Probably the easiest way to understand this is through ROLES: in your
life, you have a lot of roles. You're your mother's child, probably a
father (/mother) of your child, an employee at your workplace, a lover
in bed... but usually the context gives you what role you play.

In my current mental model of jabber.org is that when you want to get
to know jabber, you go to everyone/IM-users/Endusers pages, even if
you're a geek.

When you want to create something with jabber, you go to the
developer's room/corner, which would have strange words (like C as a
language... is it a short for chinese??) for a non-developer, but
still familiar for you as a geek who can program. (Btw, XEPs, SASLs
and other TLAs shouldn't run freely in the wild even there!! We need
to have a dictionary, how about that?)

If you feel comfortable with programming enough, you may want to
introduce it to your boss, or want to sell your own program for
clients, you look at the "For business" page to show it for them, or
try to collect your own arguments from it.

When you try to install a server at home, you may run into problems
(like: how do I enable using AIM through jabber?) which aren't for a
usual end-user, nor a businessman (it's enough for them to know it's
possible.)

>   The way to access information should be tailored to the adiences needs.
>
>   Letting apart  HOW we  route the audience to the corresponding section
>   I have a question:
>
>   How should you be able to change your active section?
>   Anybody just entering "jabber.org" in his browser should be able to
> learn about everything else on the page, too.

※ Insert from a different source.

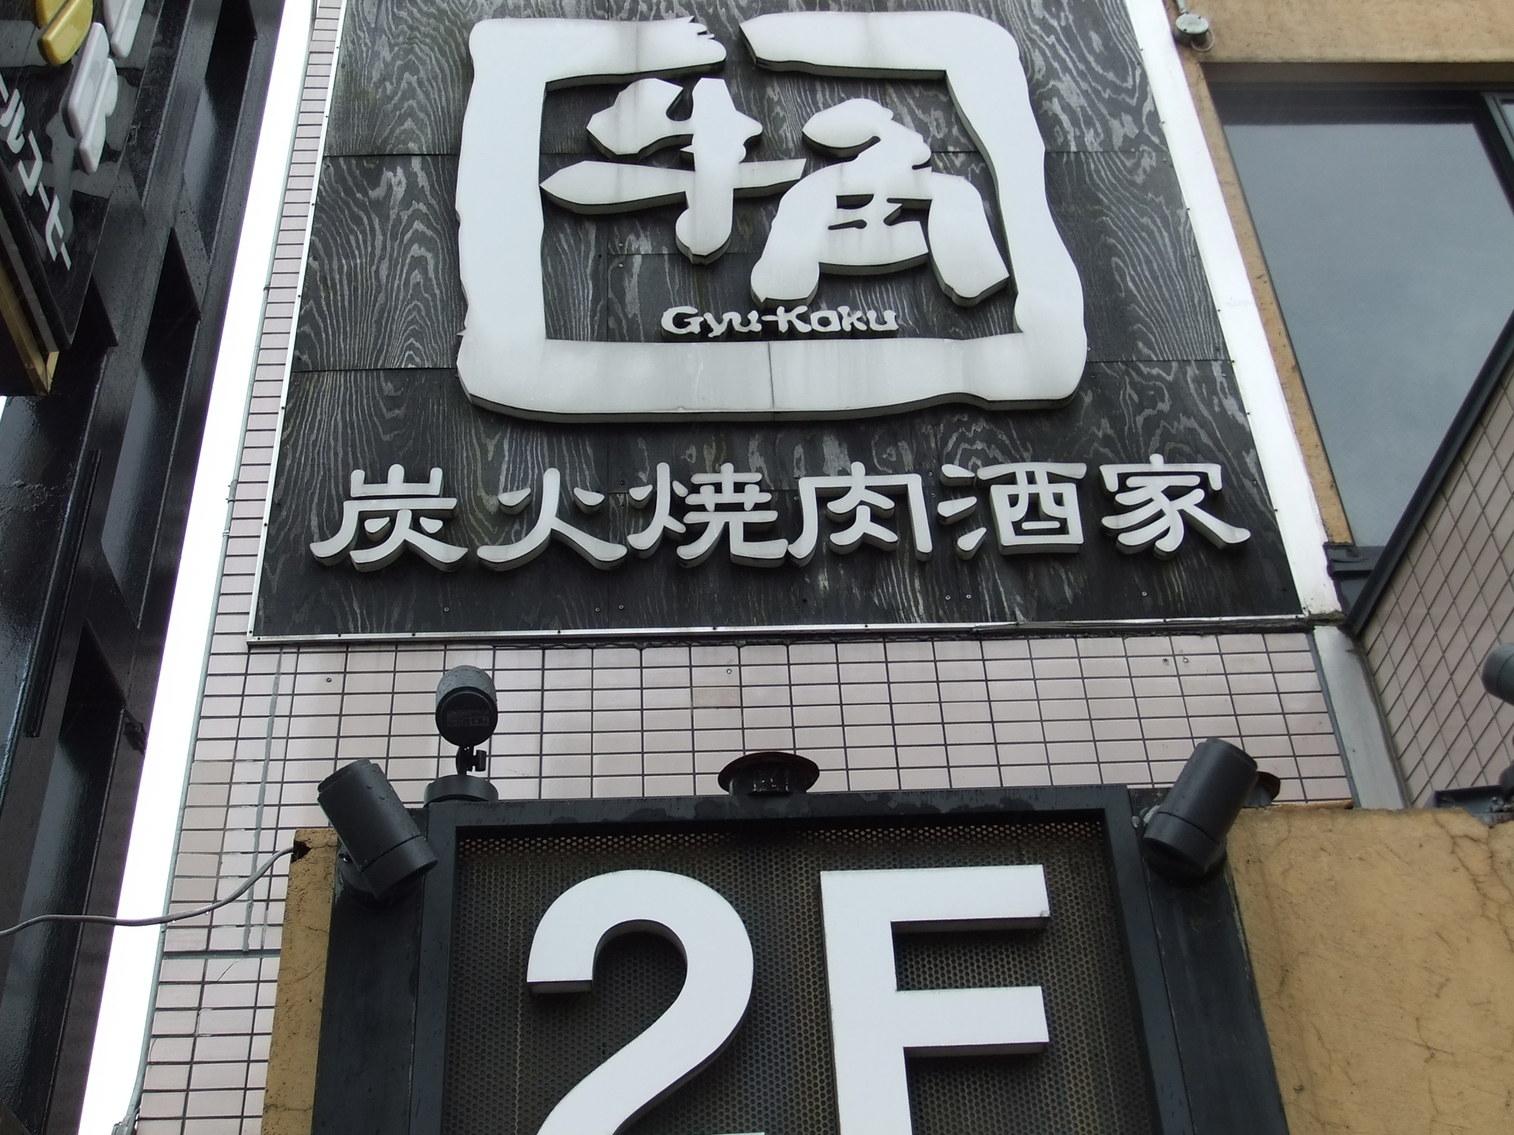 牛角 花小金井店

I hope a geek always knows what "information for developers" link
stands for at the top of the page - or maybe we should write it in
l33tsp33k?

And besides, I'm in doubt that anyone in the end user or manager role
would like to read about C++ and other things - nor an average user
wants to get a lot of marketing stuff.

So basically, I still think it's a hierarchy, probably with the 'links
for everyone' (alias end-users' floating always, if it does feel
better for anyone.


>   I'm not a fan of having a menu or list of links that changes slightly
> based upon "another menu".
>

That's called modality. It's considered bad in some schools. On other
schools, it's called information hiding, and it's considered the best
thing since sliced bread: way too much information confuses the
novice.

Probably most developers think of information hiding as a bad thing,
because they're clever: I mean, they CAN handle a lot of information,
since if they couldn't, they wouldn't be able to do their daily job.

But always remember: it made macs succesful - and I know a lot of guys
here (including me) who uses a mac. :)

(Probably they don't want to bother with needless information, but
it's another story)
>
> Second:
>   Obviously we have much information that should be visible for some but
> not for others.
>   We need to assign and keep track of sections and their corresponding
> pages (or links).
>
>   I tried to gather a more or less complete list of all available pages:
>   http://wiki.jabber.org/index.php/Mindmap
>
>   The goal is to assign sections to every page.
>   If we feel like this is feasible we could start tagging each nodetype with
>   audience tags and build the menus accroding to that taxonomy (or we
> could use new fields)
>

I'm still besides the good ol' hiearchy, probably with some sticky pages.